Por Giovanni Rodríguez
De la misma manera que existe la comida chatarra, hay también arte chatarra. Entre los más comunes representantes de esta rama están esos cantautores que, tras la excelente acogida de su primer disco por parte de la masa que escucha la radio, hacen el segundo con los mismos cuatro acordes que el anterior.
También están los pintores que, conformándose con las nada despreciables ganancias que les genera la venta de sus bonitos bodegones o sus paisajes bucólicos, olvidan por completo que su posible talento podría dar para algo más, quizá para indagar, con una voluntad de riesgo, en el propio sentido del arte, que busca siempre la innovación pero sin dejar a un lado aquellos problemas inherentes a la condición humana.
Y están, además, los novelistas que no se permiten otra cosa que no sean esos simples ejercicios de verborragia, que no buscan más que escribir bien y bonito, como si la vida fuera siempre buena y bonita y no hubiera que deformarla a veces, retorcerla, violarla hasta hacerla sangrar, forzarla a decir en la ficción todo eso que los moderados se resisten a decir por el inmenso horror que les provoca el exceso.

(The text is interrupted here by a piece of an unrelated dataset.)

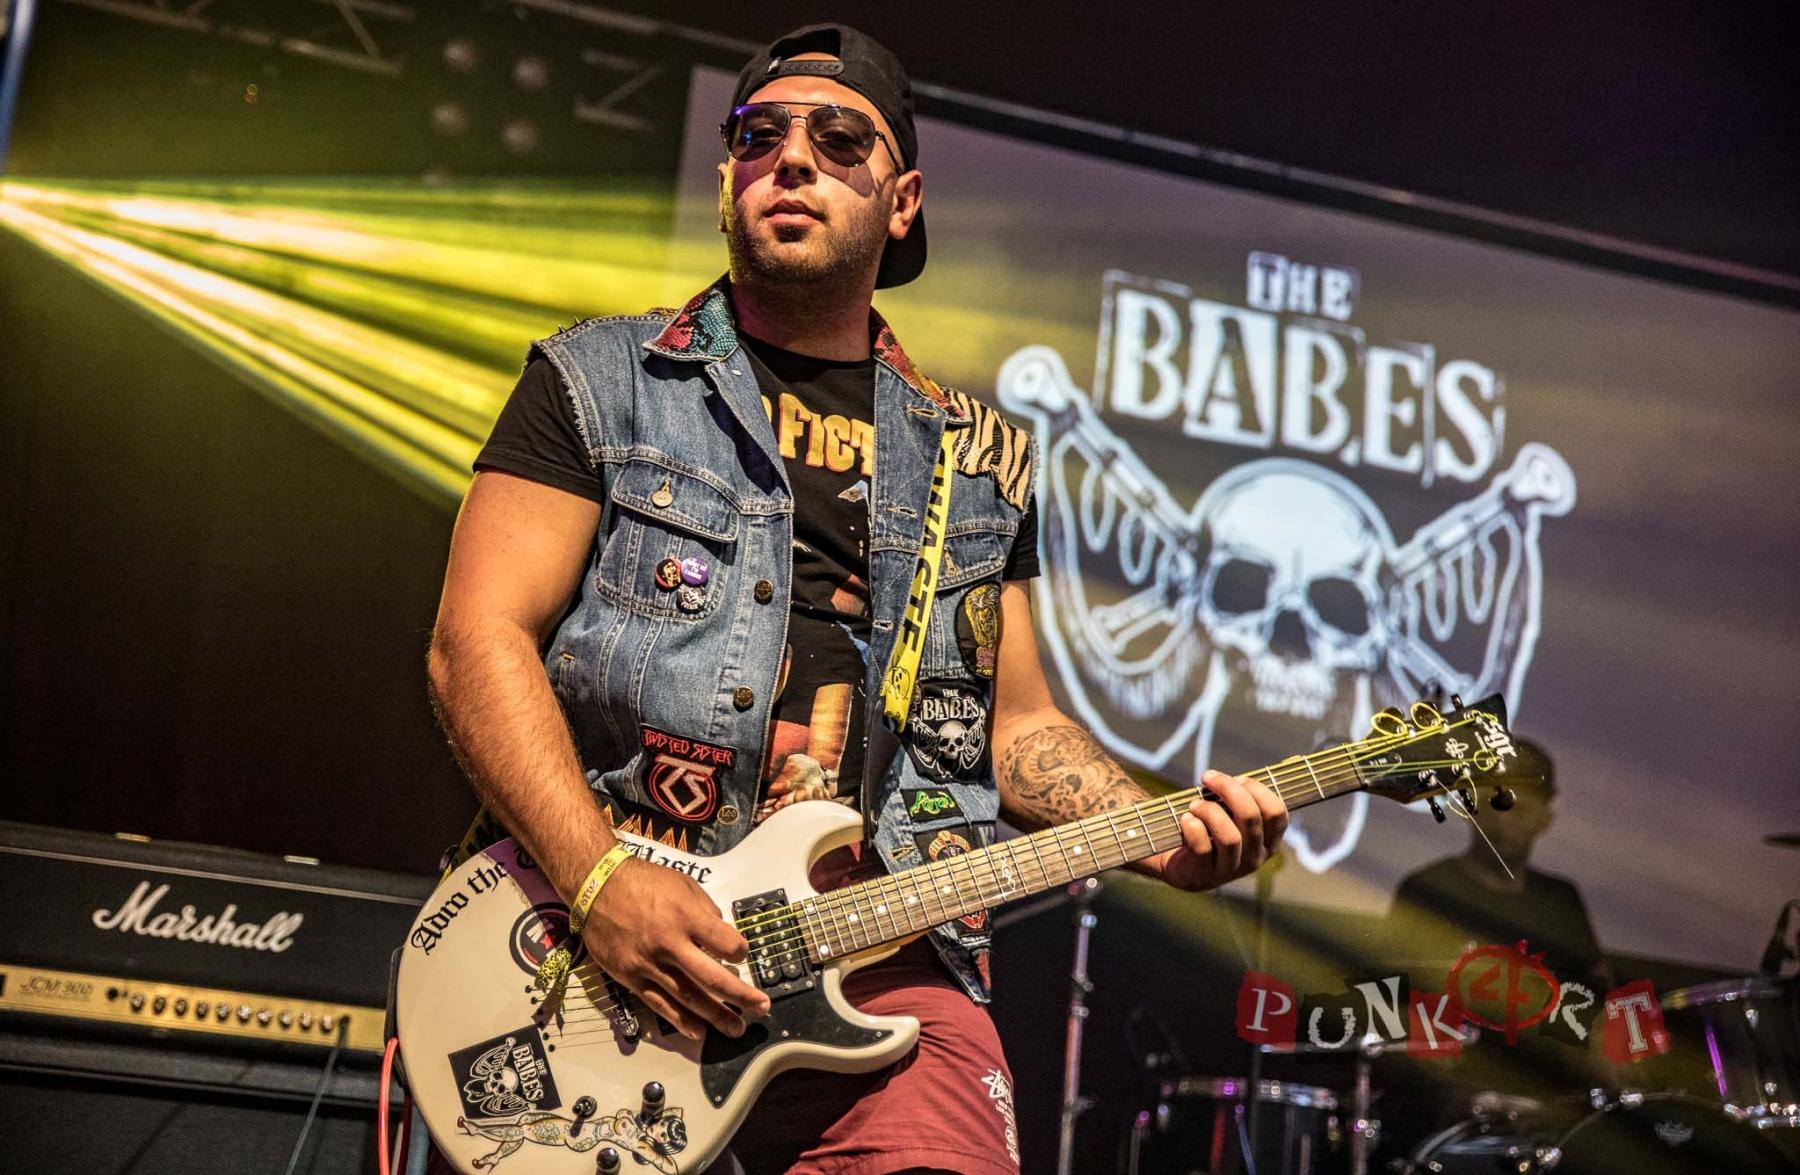 TheBabes-2

Los artistas chatarra abundan y es normal verlos en los noticieros o en los periódicos, desplegando todo su arsenal de charlatanería portátil, informándole al mundo de su llegada mesiánica a nuestro pobre huerto de ignorantes.
Por lo general, alcanzan el éxito tempranamente y gozan de un gran prestigio en nuestras sociedades mediáticas cuyos miembros están desprovistos de criterio propio y no hacen más que repetir las opiniones del presentador del telediario o las que le escucharon a algún eterno parroquiano de café.
Los artistas chatarra buscan satisfacer la demanda, complacer al cliente, ofreciéndole un producto de buena apariencia y fácilmente digerible, a un bajo costo y en la menor cantidad de tiempo posible. Luego de su consumo, el cliente se convierte en un pequeño animalito no con el estómago domado, sino con el cerebro domado. Porque el arte chatarra ejerce su dominio sobre aquello que identifica más débil en el individuo: su sensibilidad y su capacidad de pensar.
Es sabido que la mejor manera de disimular la incapacidad de mostrarse inteligente es fingir aburrimiento. De ahí que esa gran mayoría de seres anodinos que, inevitablemente, forman parte de nuestra existencia -los consumidores potenciales del arte chatarra-, manifiesten sin dudar y hasta con cierta estúpida altanería su aburrimiento ante cada obra de arte auténtica que vean, oigan o lean.
Fingir aburrimiento es la mejor manera entonces para evitar esos pequeños esfuerzos mentales que no constituyen más que “la normal respiración de la inteligencia”, como dice Borges. Y por eso los consumidores de arte chatarra se aburren ante cualquier obra de arte verdadera.
Sin embargo, no hay que despreciar el arte chatarra. De vez en cuando es agradable ver uno de esos cuadros con seres mitológicos que pinta Caicedo, o escuchar otra de esas canciones monocordes de Guillermo Anderson, o leer otra novela bananera de las que escriben con tanta pasión nuestros escritores. Y dejarse llevar solamente, sin sentir nada, sin pensar en nada, como si masticáramos una hamburguesa en McDonald´s, mientras vemos pasar la gente por la calle, del otro lado del cristal.